Avant que le jury ne puisse proclamer ses décisions de ce matin, nous recevions la notification d’un recours auprès du Conseil d’etat introduit à l’extrème urgence par un étudiant en 1er Bac Médecine, M. Xavier GIET, assignant l’Université de Liège, le Recteur et le jury de 1er Bac. Au motif qu’un examen n’aurait pas été pondéré de manière correcte. Je n’entre pas dans les détails. M. Giet avait déjà introduit ce recours précédemment et le Conseil d’Etat, le 14 août, lui avait donné raison, à charge de l’ULg de mieux motiver sa décision. Le jury a maintenu sa décision et constitué un dossier qui en expose clairement les raisons. Ce dossier devait être défendu prochainement devant le Conseil d’Etat.

Le recours d’aujourd’hui, traité dès 14 heures par le Conseil, suspend donc toute proclamation puisque, si M. Giet se voit donner raison, il faudra recalculer ses points selon la pondération qu’il réclame, mais il faudra aussi, bien entendu, revoir les points de tous les étudiants, y compris ceux qui ont été délibérés précédemment. Il est évident que cette révision, que conteste catégoriquement le jury, changerait assez largement le classement des étudiants, voire même le fait qu’ils aient ou non une note en dessous de 10/20 (condition d’éligibilité du numerus clausus!). Certains vont « remonter dans le canot de sauvetage » (les 16 attestations encore disponibles car prélevées sur 2009), d’autres vont tomber à l’eau. Ce résultat serait profondément injuste et achèverait de créer le capharnaüm.

J’ai déjà dit que le numerus clausus faisait régner au sein du 1er Bac en Médecine une ambiance d’extrême compétition très déplorable, surtout chez de futurs médecins qu’on devrait former à la collaboration et à l’entraide. Il est clair que ce recours, s’il est reçu, ne contribuera pas à améliorer les choses…

Le Conseil d’Etat statuera le vendredi 29 août prochain. D’ici-là, les étudiants resteront dans la plus totale incertitude, ce que le jury voulait éviter en délibérant et proclamant aujourd’hui.
Lamentable.

(pour bien comprendre, lire les épisodes précédents)

Le jury de 1er Bac en Médecine de l’ULg a repris et terminé ce midi sa troisième délibération de première session commencée samedi dernier.

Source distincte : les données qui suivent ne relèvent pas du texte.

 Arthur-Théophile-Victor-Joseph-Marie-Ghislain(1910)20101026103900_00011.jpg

Pour cela, il attendait d’obtenir, par mon intermédiaire, des gouvernements fédéral et communautaire, des informations complémentaires sur les tenants et aboutissants de l’arrêt du Conseil d’Etat concernant les étudiants « reçus-collés ». Je n’ai pu leur ramener aucune garantie, aucune certitude. Mais toutefois la nette impression que, suite à tous ces événements, suite à toutes ces actions où nous avons essayé de mettre en lumière les incohérences et l’inadéquation des mesures en vigueur, plus personne n’ignore le problème et que chacun, à son niveau respectif, est décidé à bouger, et que quelque chose se passera lorsqu’on disposera du cadastre des professions médicales, espérons-le, dans quelques mois.

Je rappelle que, contrairement à ce que clame partout l’avocat des plaignants, l’arrêt du Conseil d’Etat n’est nullement contraignant et si le jury améliore la motivation de sa décision, elle peut être maintenue. Mais ce n’est pas ce que le jury a décidé. Non pas qu’il admette avoir tort, mais parce que sa persévérance nuirait gravement aux intérêts des étudiants car la procédure entraînerait un délai incompatible avec la suite de leurs études.

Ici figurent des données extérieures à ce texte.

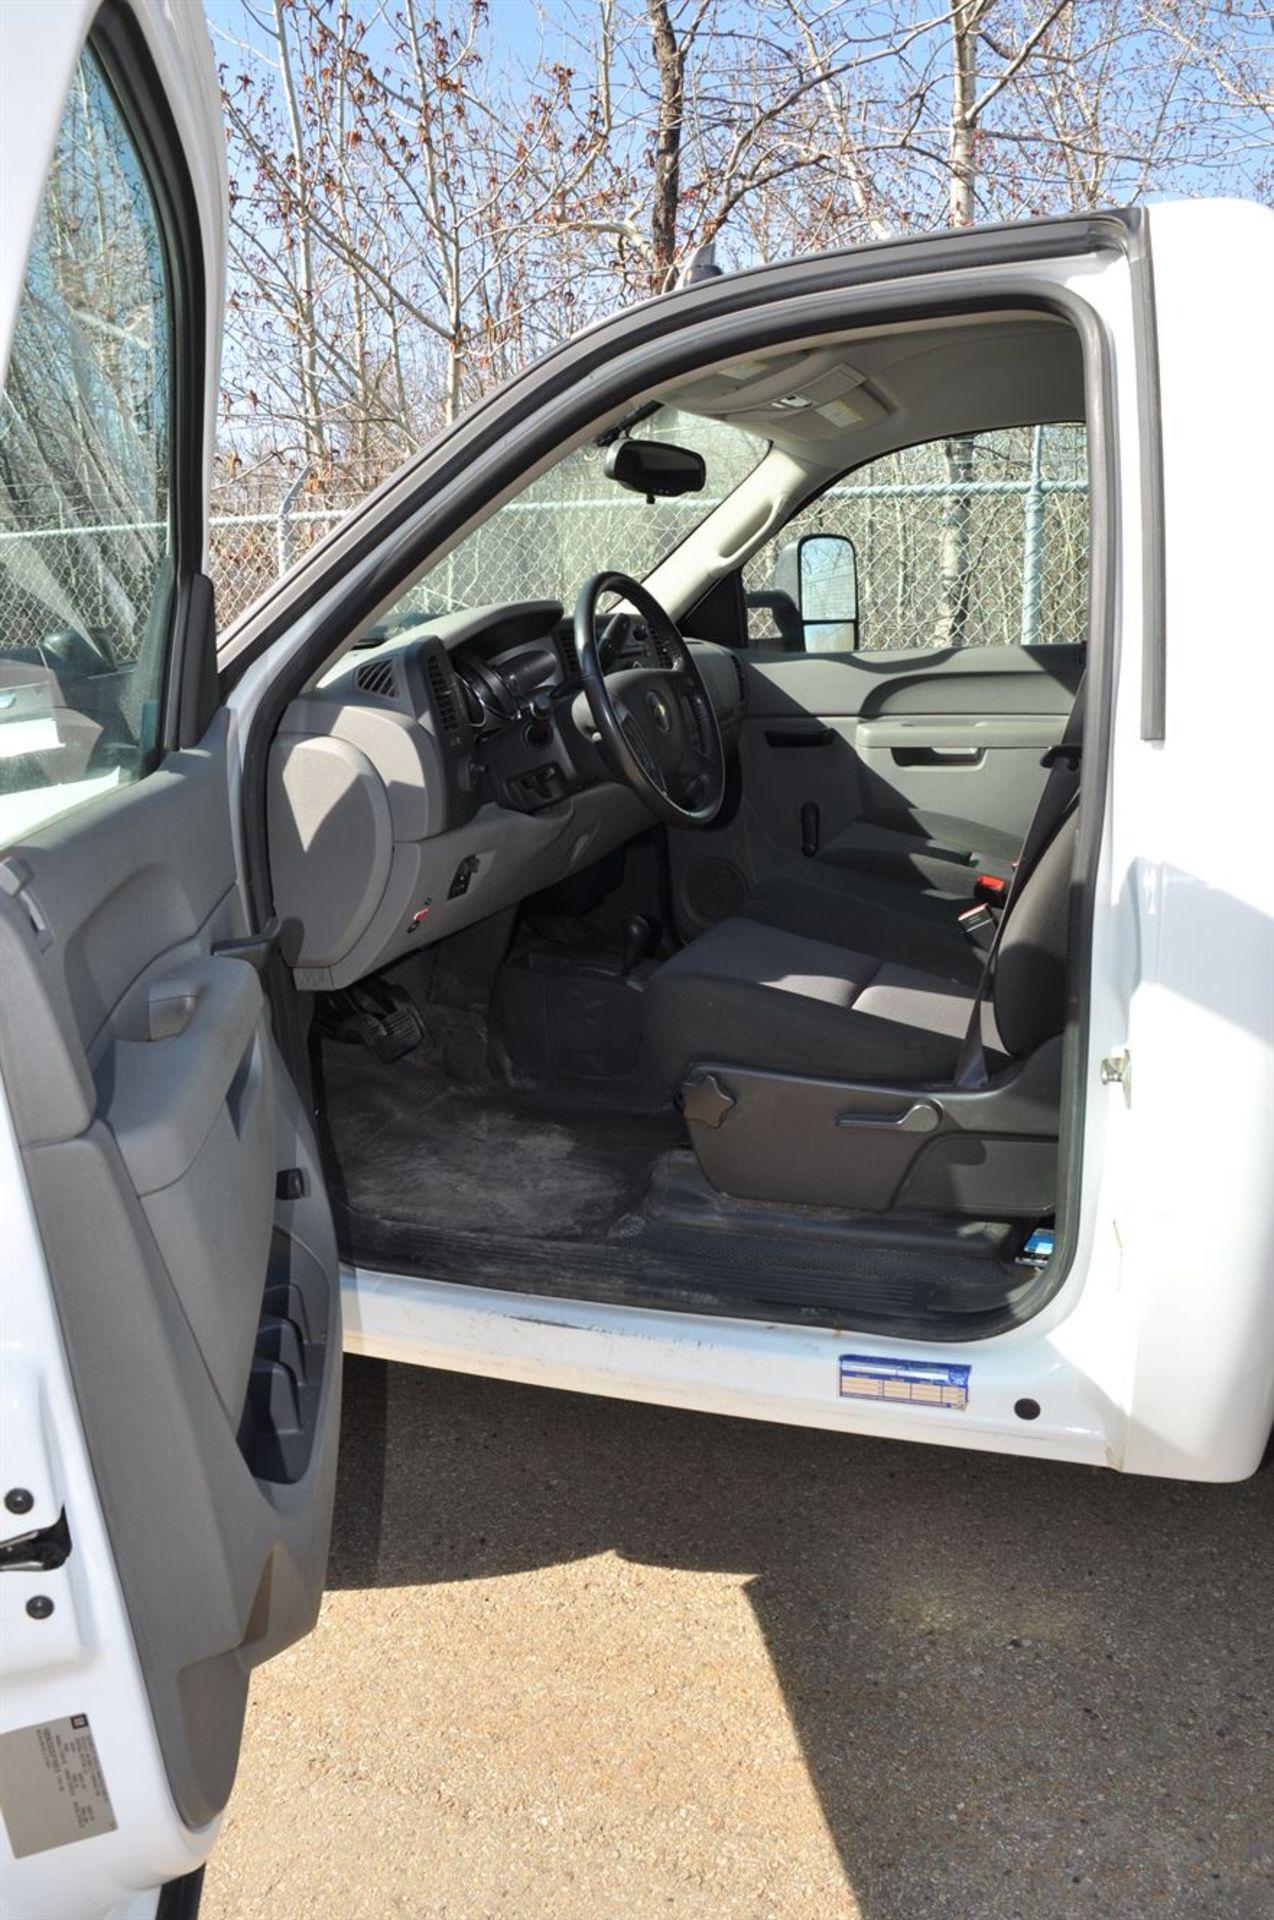 2012 CHEVROLET SILVERADO 3500 HD Flat Deck Dually Truck, VIN 1GB3KZCGXCF155813, w/ VORTEX Engine, - Image 6 of 9

Il n’a pas voulu non plus jouer les Robin-des-Bois et laisser passer les 18 étudiants concernés, conformément au pacte de New York (1966) évoqué par le Conseil d’Etat. Il aurait alors distribué plus d’attestations qu’il n’en possédait (16). En outre, l’équité prônée par ce pacte voudrait que tous ceux qui réussissent leurs examens en 2è session reçoivent aussi chacun une attestation. Sans compter l’illégalité de cette action de faux-monnayeur et les risques d’annulation qu’elle comporte, elle aurait aussi été profondément injuste vis-à-vis des ajournés de juillet qui, considérant à juste titre que présenter une 2è session eût été bien inutile (les reçus-collés peuvent recommencer leur 1er Bac mais sans aucune dispense), ont préféré prendre du repos.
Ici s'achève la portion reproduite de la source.